- Born: February 17, 1938 (age 88) Tecumseh, Nebraska, US
- Education: Massachusetts Institute of Technology
- Scientific career
- Fields: Electrical engineering
- Workplaces: Georgia Institute of Technology
- Doctoral advisor: Alan V. Oppenheim
- Doctoral students: Steven M. Kay

= Ronald W. Schafer =

American engineer (born 1938)

Ronald W. Schafer (born February 17, 1938) is an American electrical engineer notable for his contributions to digital signal processing.

After receiving his Ph.D. degree at Massachusetts Institute of Technology in 1968, he joined the Acoustics Research Department at Bell Laboratories, where he did research on digital signal processing and digital speech coding.

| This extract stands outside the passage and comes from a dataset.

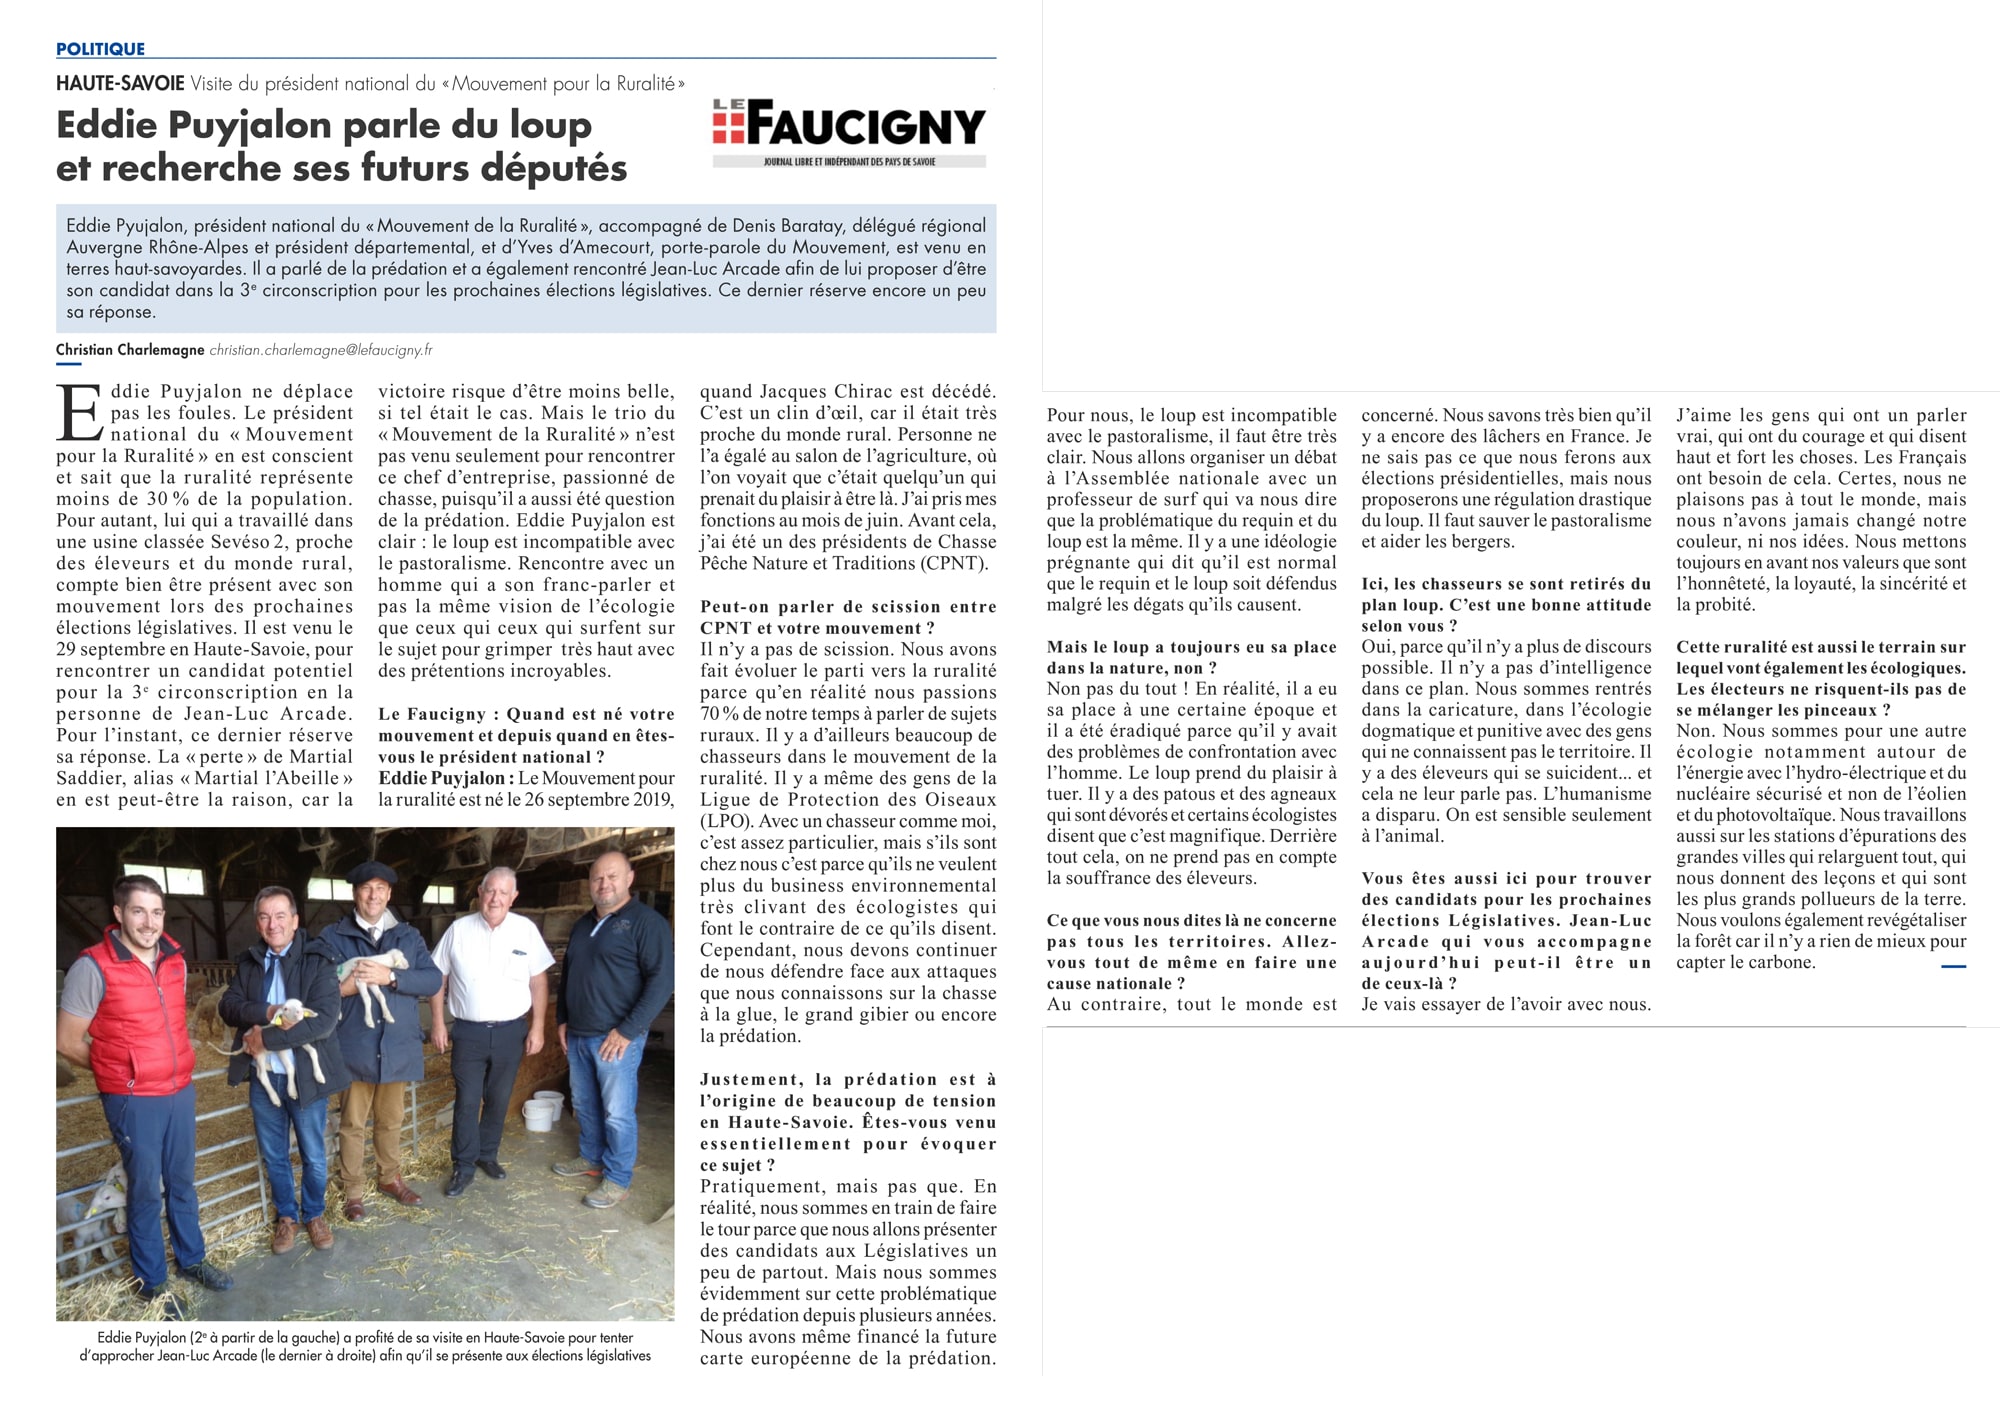 Article Le faucigny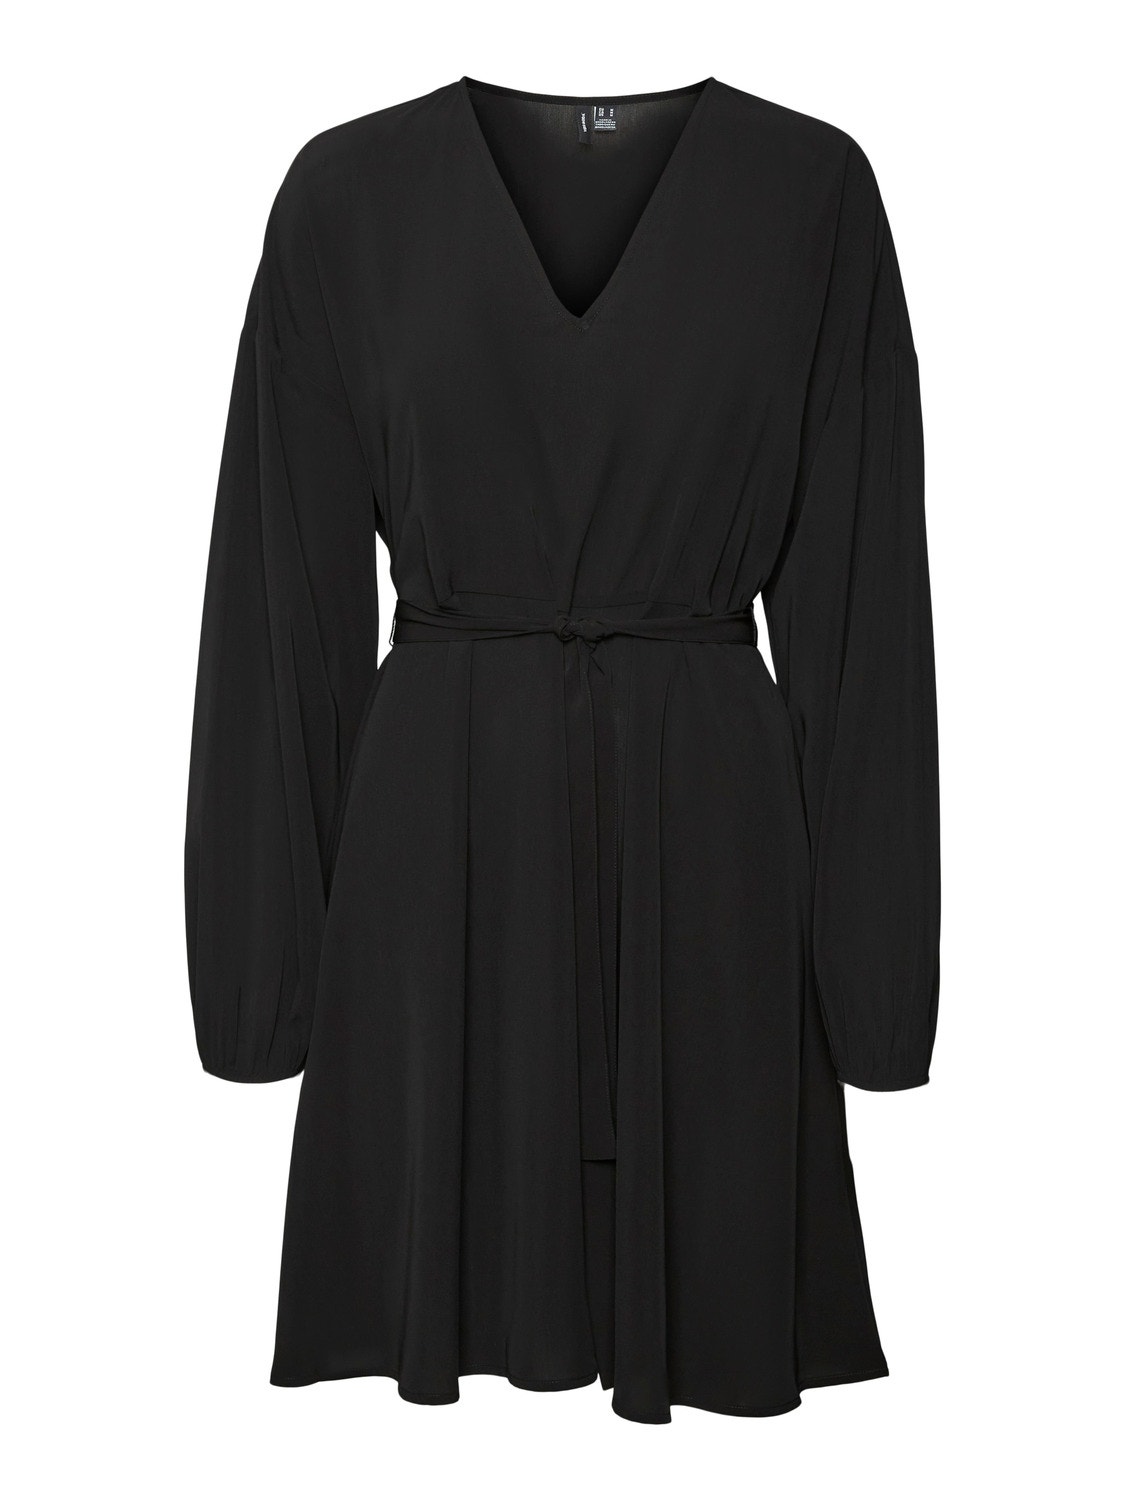 Vero Moda VMNAJA Short dress -Black - 10294419

In 1974 he joined the Georgia Institute of Technology, where he became a professor in electrical engineering, until leaving to join Hewlett-Packard in March 2005.

He has served as associate editor of IEEE Transactions on Acoustics, Speech, and Signal Processing and as vice-president and president of the IEEE Signal Processing Society. He is a Life Fellow of the IEEE and a Fellow of the Acoustical Society of America. He is also a member of the National Academy of Engineering in 1994 for research, teaching, and leadership in signal processing.

He has received the IEEE Region 3 Outstanding Engineer Award, the 1980 IEEE Emanuel R. Piore Award, the Distinguished Professor Award at the Georgia Institute of Technology, the 1992 IEEE Education Medal and the 2010 IEEE Jack S. Kilby Signal Processing Medal.

== Books ==
- Digital Signal Processing, A. V. Oppenheim, R. W. Schafer, Prentice Hall, 1975
- Digital Processing of Speech Signals, L. Rabiner, R. W. Schafer, Pearson Education, 1978.
- Discrete-Time Signal Processing, A. V. Oppenheim, R. W. Schafer, Pearson, 2010.
- Computer-Based Exercises for Signal Processing Using MATLAB, J. H. McClellan, C. S. Burrus, A. V. Oppenheim, T. W. Parks, R. W. Schafer, H. W. Schuessler, Prentice Hall, 1998
- DSP First: A Multimedia Approach J. H. McClellan, R. W. Schafer, M. A. Yoder, Upper Saddle River, NJ: Prentice-Hall, Inc., 1998.
- Signal Processing First J. H. McClellan, R. W. Schafer, M. A. Yoder, Upper Saddle River, NJ: Prentice-Hall, Inc., 2003.